Проще, чем анатомия
Шрифт:
До дому я просилася, а він мене все не пускав,
До дому я просилася, а він мене все не пускав.
Милий мій, зоря зійшла, вечiрня зiронька впаде.
Пусти мене, бо вже пора, проснеться матiнка моя.
Пусти мене, бо вже пора, проснеться матiнка моя.
Ее голос, глубокий и чистый, рос и словно вплетался в осеннюю ночь. Лицо у Гали сделалось мягким и каким-то по-особенному ласковым, серые глаза заблестели и глядели они куда-то далеко, будто на того, неведомого, кому пелось.
А ти скажи такий отвіт,
Весна іде, тепло несе, цветуть сади, радіє все.
Весна іде, любов несе, цветуть сади, радіє все.

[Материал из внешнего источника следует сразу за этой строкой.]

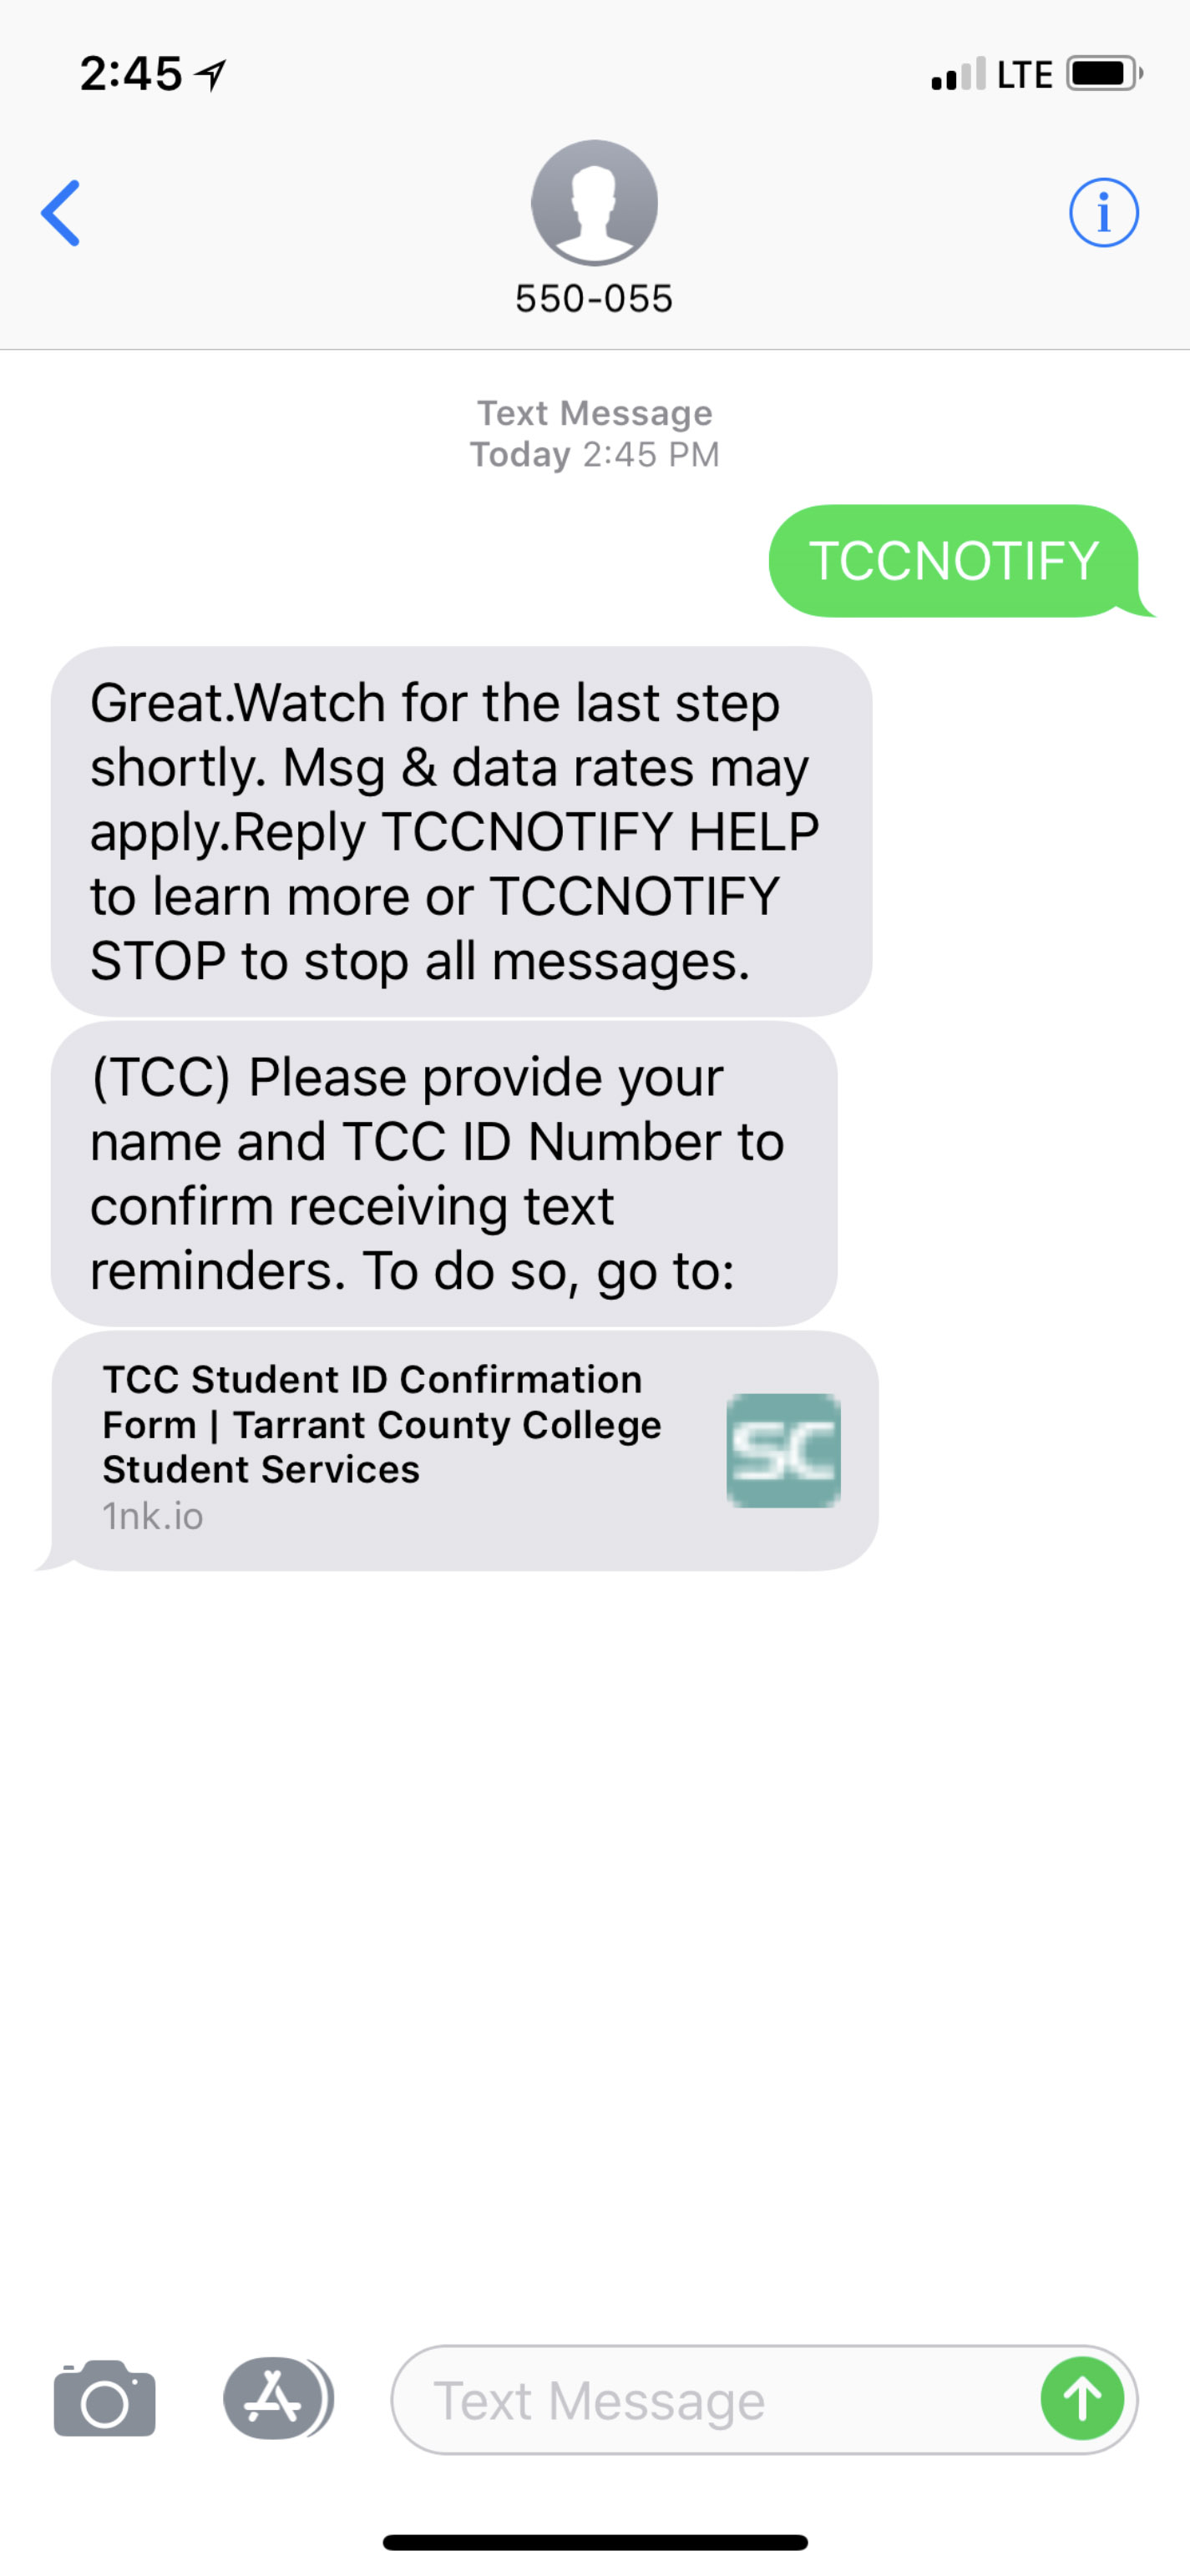 TCC students can text "tccnotify" to 550-055 to sign up for text message alerts.

Раиса почувствовала, как начинает щипать в глазах от тихой, невысказанной боли. И пелось о хорошем, о любви и молодости, девушка возвращалась со свидания. Но в тихом голосе Гали слышалось что-то надрывное, горькое, будто не со свидания она идет, а над могилой милого своего плачет, да и ей самой не надолго его пережить.
Весна іде, тепло несе…
Где-то осталась та последняя мирная весна, как никогда щедрая и ласковая? Даже на Брянщине выдалась она теплой, теплее лета… Раиса никогда не стала бы плакать на людях. Ей захотелось выбежать, спрятаться где-нибудь в пустом классе или на улице, чтобы никто не видел слез. Одной ей оплакивать тонущие в яблоневом цвету белобережские сады.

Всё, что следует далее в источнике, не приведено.